Antiwar Activists, 9/11 Truthers Gather In Tehran For Anti-Zionist Conference

Everyone from Code Pink's Medea Benjamin to French comedian Dieudonné M'bala M'bala.

WASHINGTON — A number of American and European antiwar activists and conspiracy theorists have gathered in Tehran for a conference aimed at addressing supposed Zionist control of the United States, according to Iranian press reports and the Anti-Defamation League.

Code Pink chief Medea Benjamin, journalist and former Cambodian genocide denier Gareth Porter, conspiracy journalist and 9/11 truther Wayne Madsen, and PressTV contributor Kevin Barrett are all reportedly at the conference. Other reported attendees include Dieudonné M'bala M'bala, the anti-Semitic French comedian whose performances have been banned in several French jurisdictions, several Holocaust deniers, and former congressman Mark Siljander, who pleaded guilty in 2010 to being an unregistered foreign agent for an Islamic charity that the government said was connected to terrorism.

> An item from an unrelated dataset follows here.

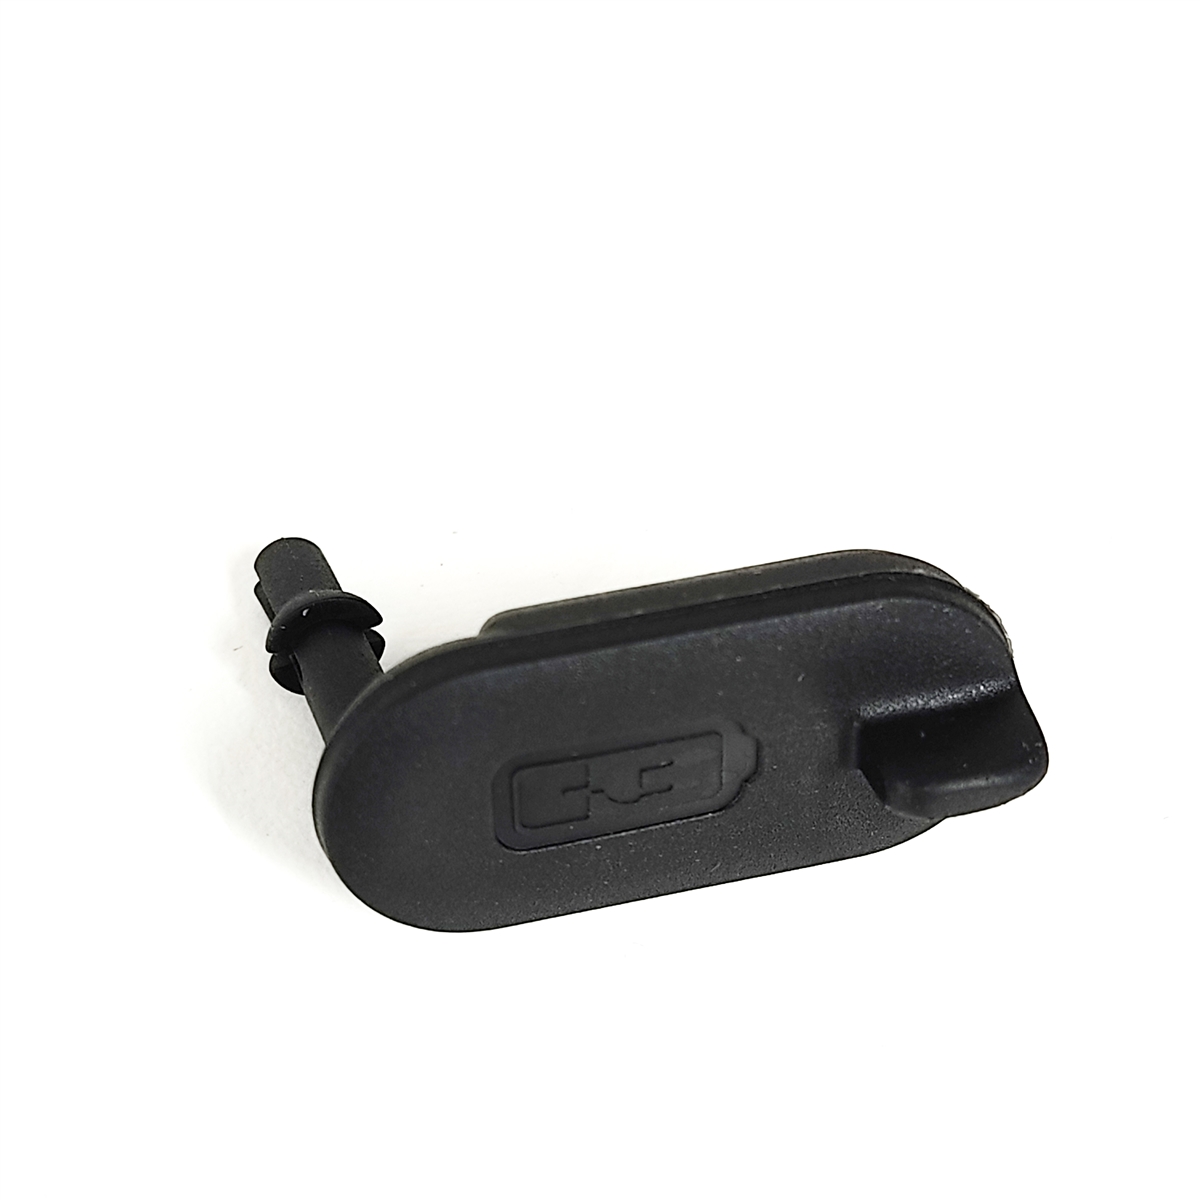 Replacement battery cap for Hyper T970 models

According to a PressTV article about the conference, the gathering's "goal is to unveil the secrets behind the dominance of the Zionist lobby over US and EU politics." The conference's chairman is Nader Talebzadeh, an Iranian state TV host who previously organized a conference about "Hollywoodism" as a response to the movie "Argo."

PressTV's video report from the scene includes interviews with Porter, who is also shown addressing the audience, and with Madsen, as well as Art Olivier, a former California mayor who is a 9/11 truther.

The conference was originally conceived under former president Mahmoud Ahmadinejad, though Iranian President Hassan Rouhani cancelled the conference in 2013 as part of Iran's softening toward the West in advance of restarting talks over its nuclear program.

Former Council on American Islamic Relations official Cyrus McGoldrick, also in attendance, has been Instagramming photos from in and around the conference:

Panel topics include "Mossad's Role in the 9/11 Coup d'Etat" and "The Israeli Lobby vs. the U.S. National Interest (especially as it relates to Middle East Policy)," according to the conference website.

The description of Gareth Porter originally misstated his current position on the Cambodian genocide. It has been changed to reflect that he revised his former position on it in 2010.

After this article was published, Gareth Porter clarified his views on Pol Pot's regime dating back to the 1970s, saying that he in fact changed his mind about the regime's actions much earlier than 2010. He said in an email:

I've just looked up my statements on the Pol Pot regime's policies in 1978-90.

The first one was on the Today Show in June 1978, on which I appeared with William F. Buckley. My statements on the show were cited in my Wikipedia article for years, but someone has managed to get it removed -- obviously not someone who is a supporter. I said that the Khmer Rouge regime had been responsible for massive numbers of killings and deaths from sickness and starvation.

In The Nation magazine, June 9, 1979, I referred to Pol Pot group's pursuit of massive agricultural construction projects at the cost of the health of the population and to the "atmosphere of terror in the countryside, particularly among the 3 million former urban dwellers tho were regarded as suspect by the "old people". I also refer to a "massive new purge of those suspected of disloyalty" that began in early 1977.

In an essay for the book, The Political Economy of Foreign Policy in Southeast Asia, published in 1990, I wrote, that the former urban population of Cambodia, forced to become laborers, "were discriminated against in food distribution, and suffered mass starvation and arbitrary execution."

Those statements represented my realization in 1978 --not in 2010 -- that I had been mistaken in my initial assessment of the policies of the Khmer Rouge regime. The statement I made to the interviewer in 2010 does not say that had just changed my mind. It said only that I had not been asked by anyone to talk about my views for a matter of decades. I trust that you can see the fundamental difference, in light of what had written many years earler [sic].